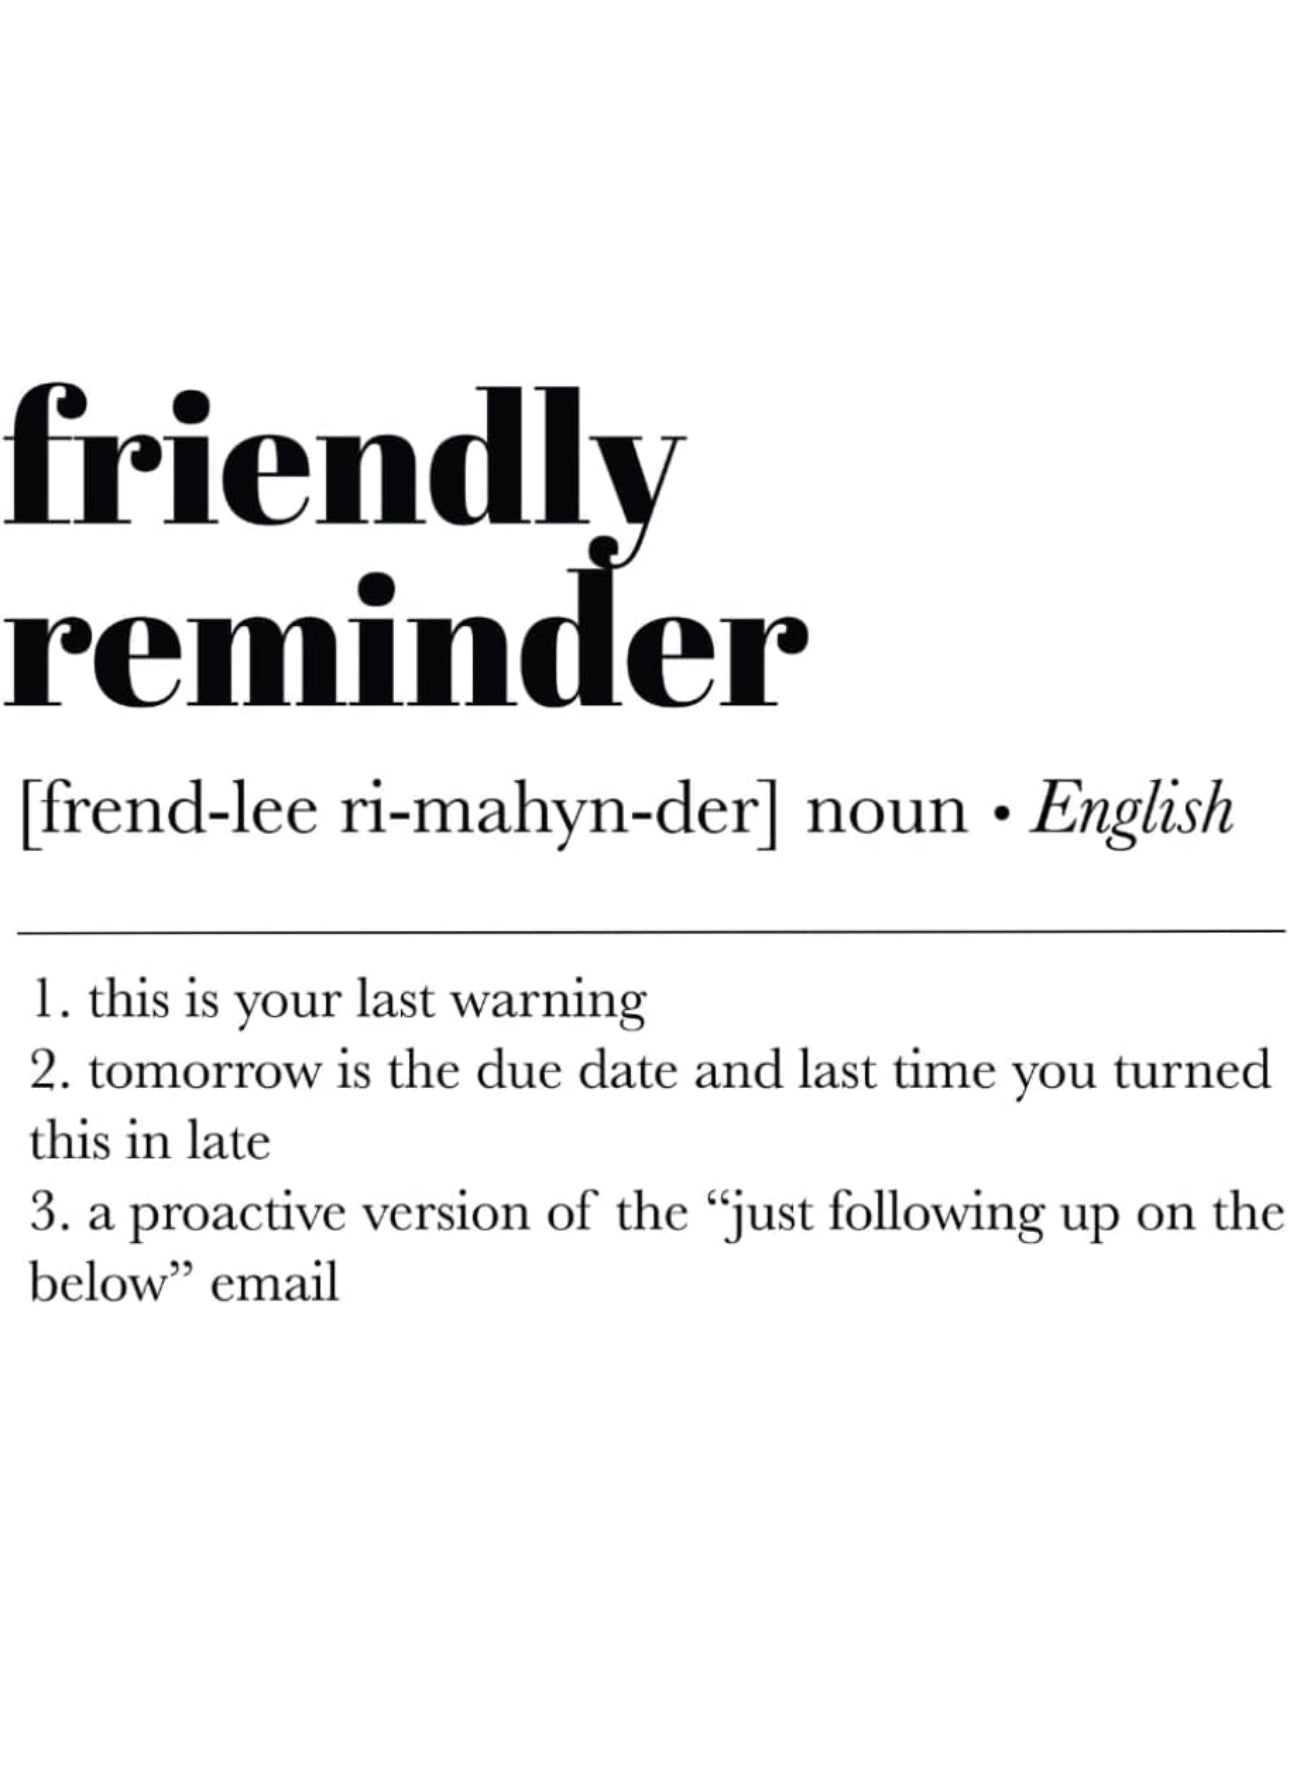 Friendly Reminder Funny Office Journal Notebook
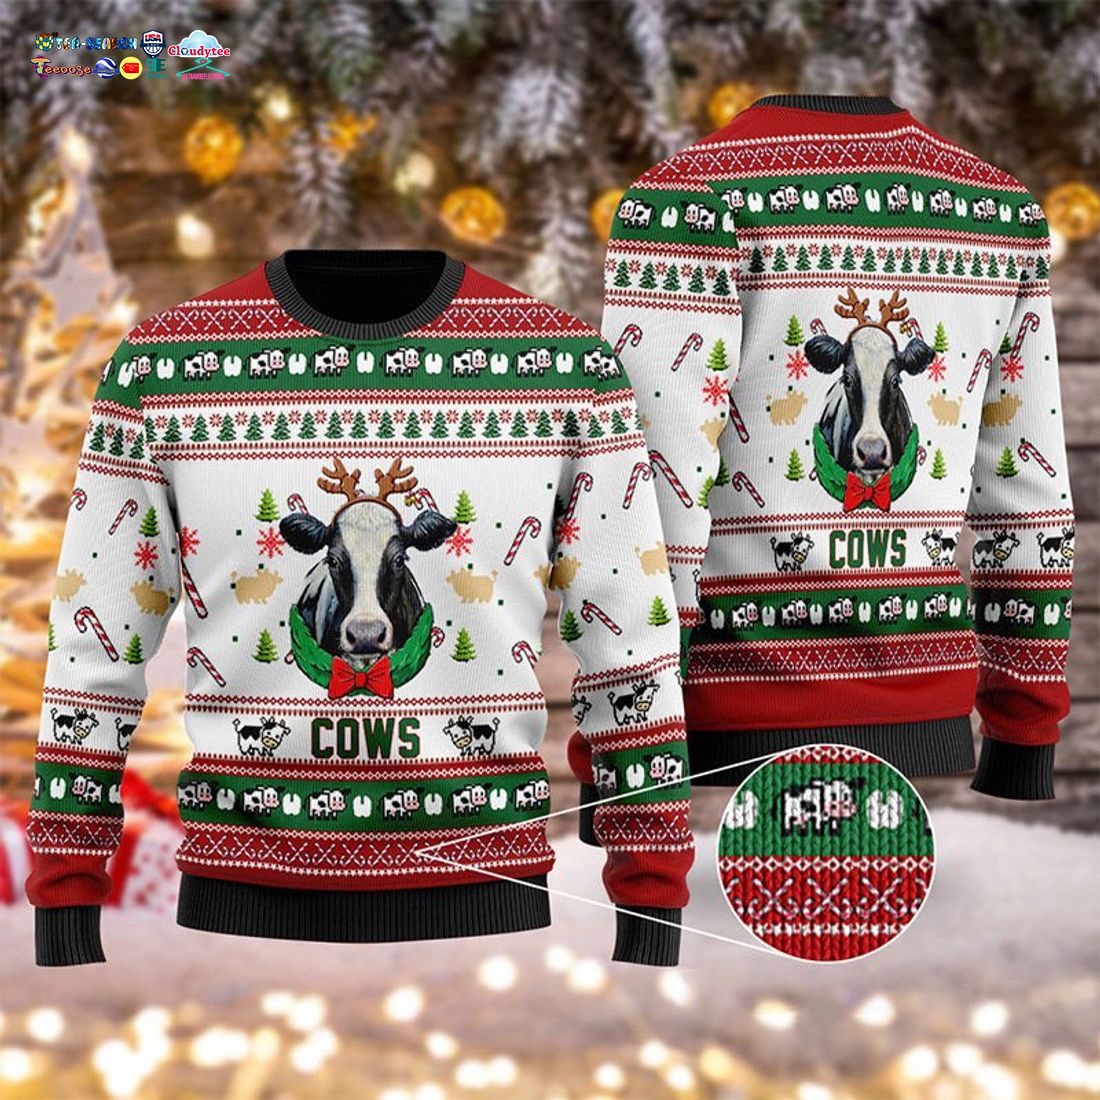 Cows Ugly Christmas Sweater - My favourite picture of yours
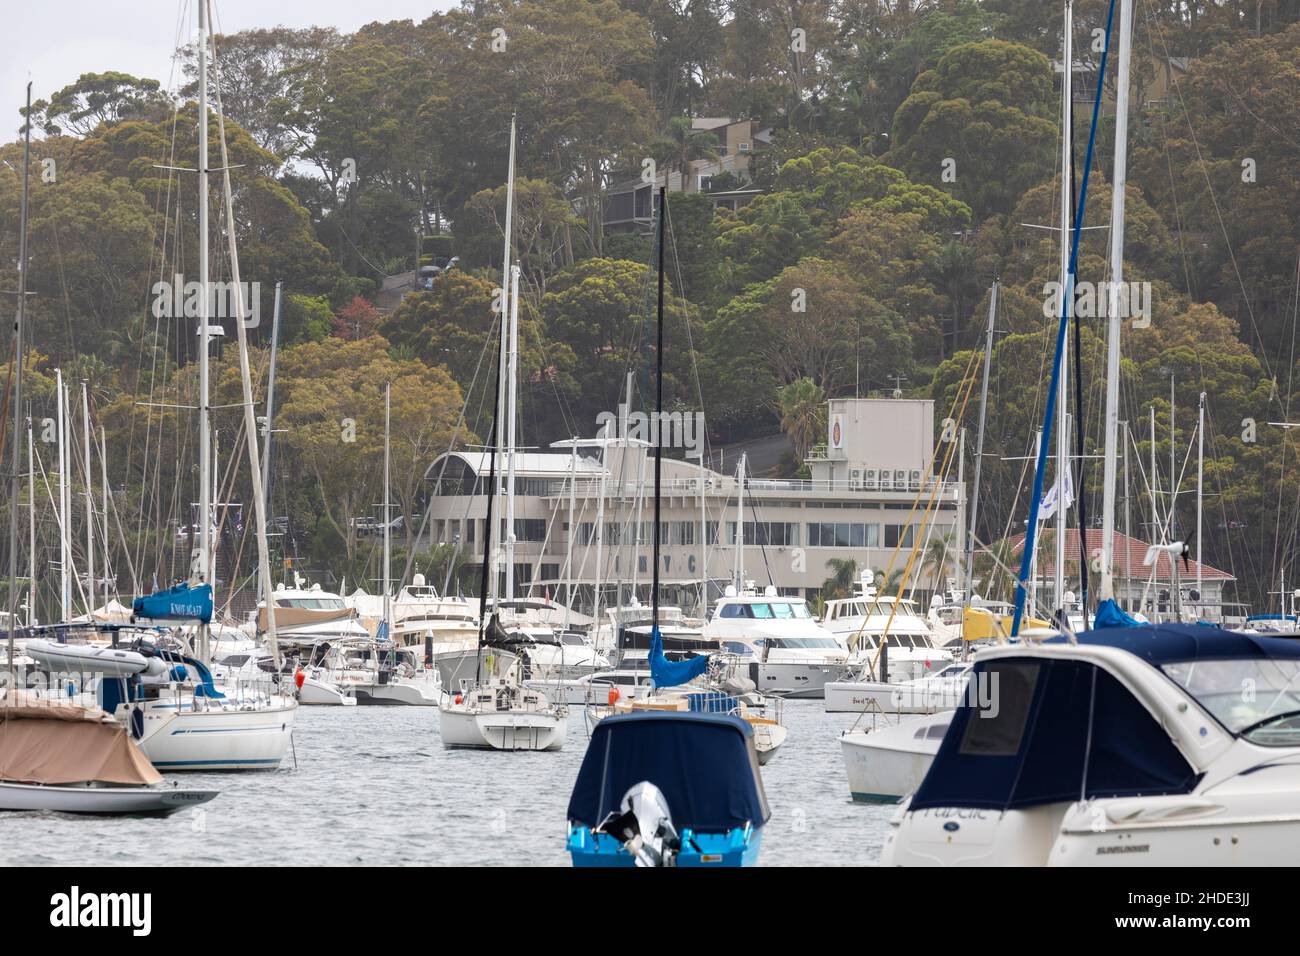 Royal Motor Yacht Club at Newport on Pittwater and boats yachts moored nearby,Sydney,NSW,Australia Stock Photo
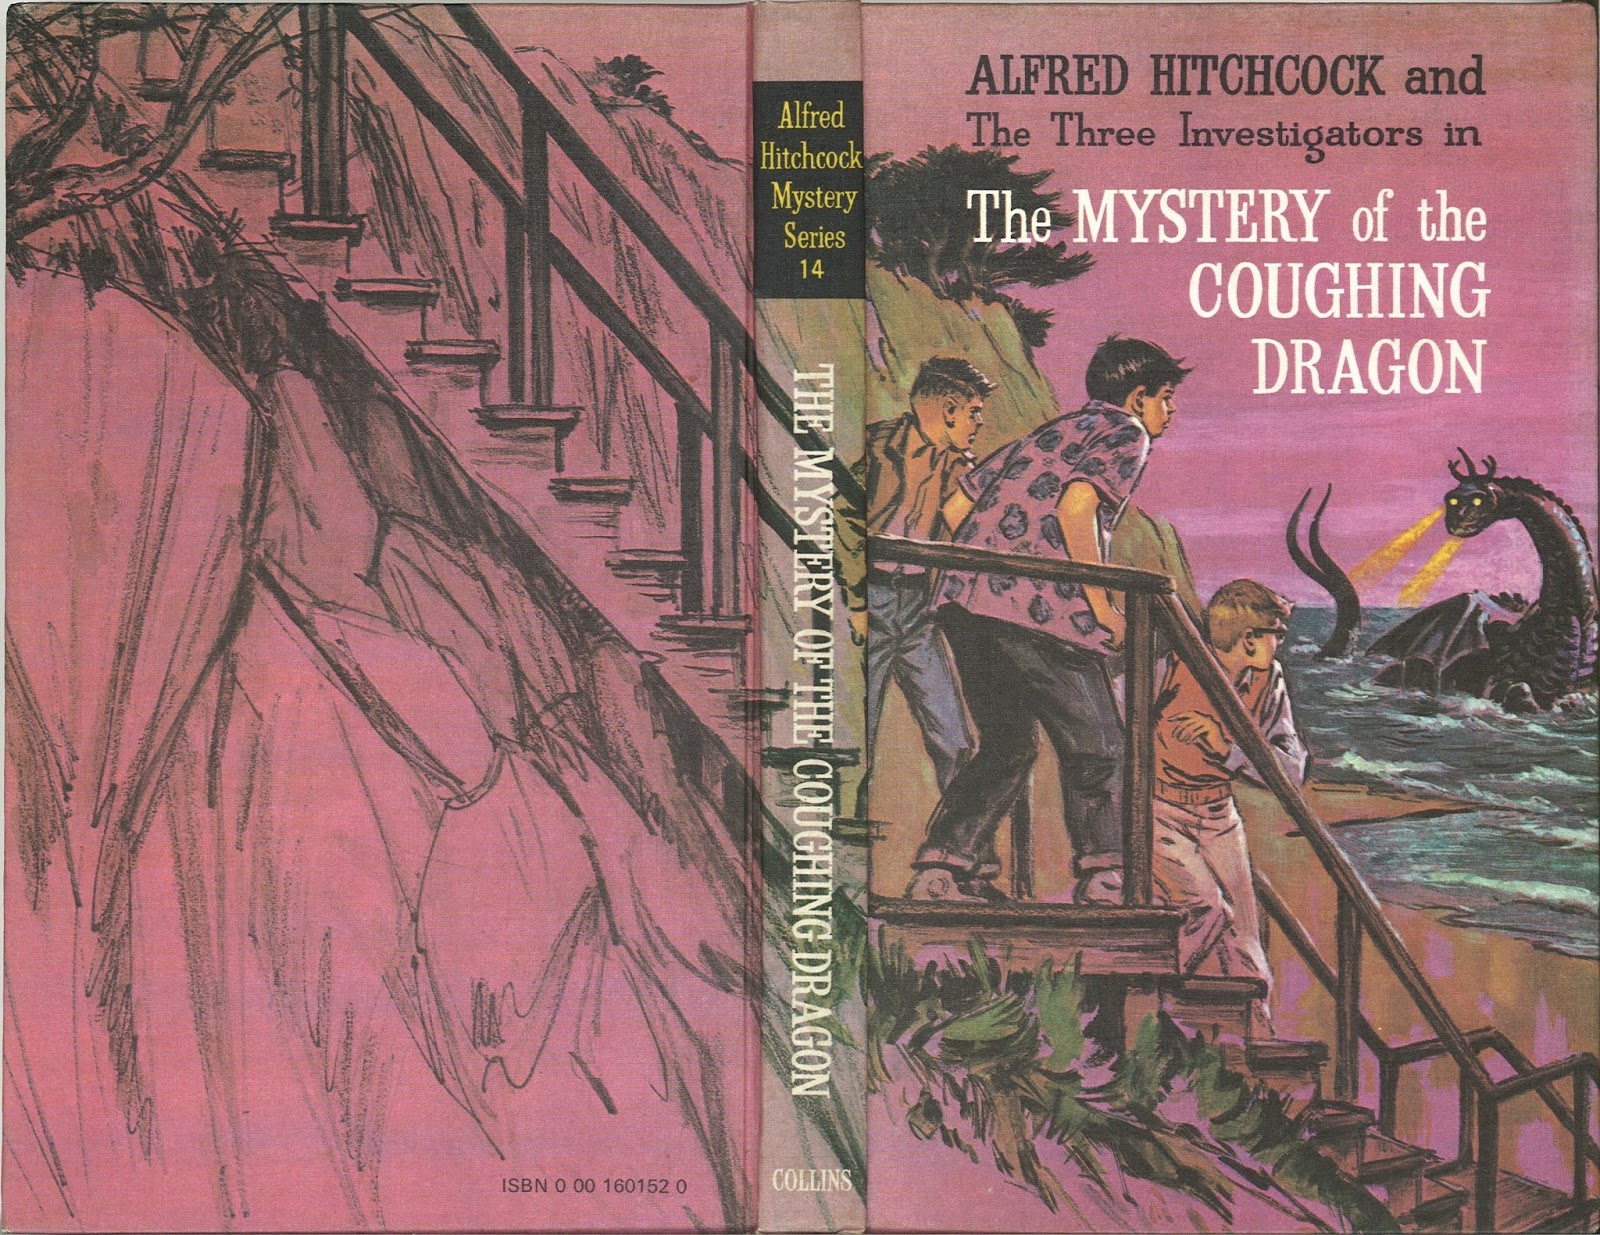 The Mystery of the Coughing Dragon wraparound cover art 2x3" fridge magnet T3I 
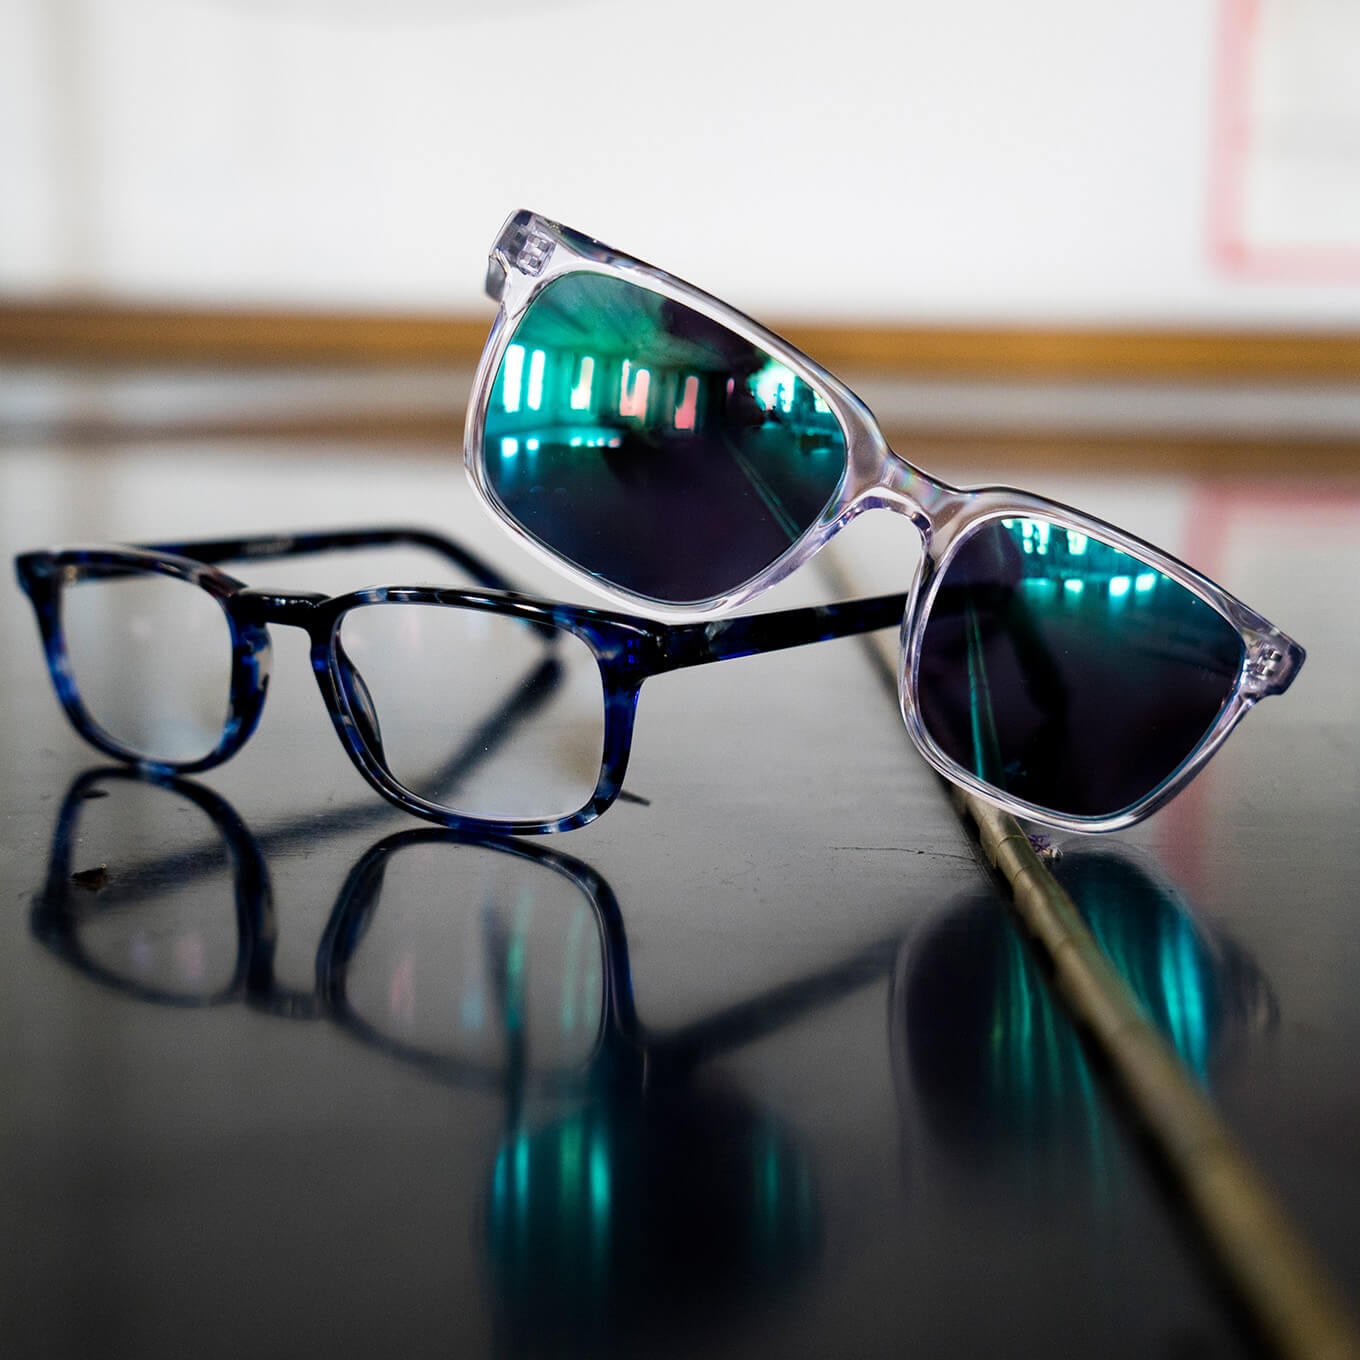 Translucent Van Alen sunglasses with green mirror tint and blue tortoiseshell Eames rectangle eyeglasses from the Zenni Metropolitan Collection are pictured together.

════

| Task goal |
Leaving out the pictures, repeat all of the entries exactly.

| Exercise result |
 Friendly Reminder Funny Office Journal Notebook
 Cows Ugly Christmas Sweater - My favourite picture of yours
 Royal Motor Yacht Club at Newport on Pittwater and boats yachts moored nearby,Sydney,NSW,Australia Stock Photo
 The Mystery of the Coughing Dragon wraparound cover art 2x3" fridge magnet T3I 
 Translucent Van Alen sunglasses with green mirror tint and blue tortoiseshell Eames rectangle eyeglasses from the Zenni Metropolitan Collection are pictured together.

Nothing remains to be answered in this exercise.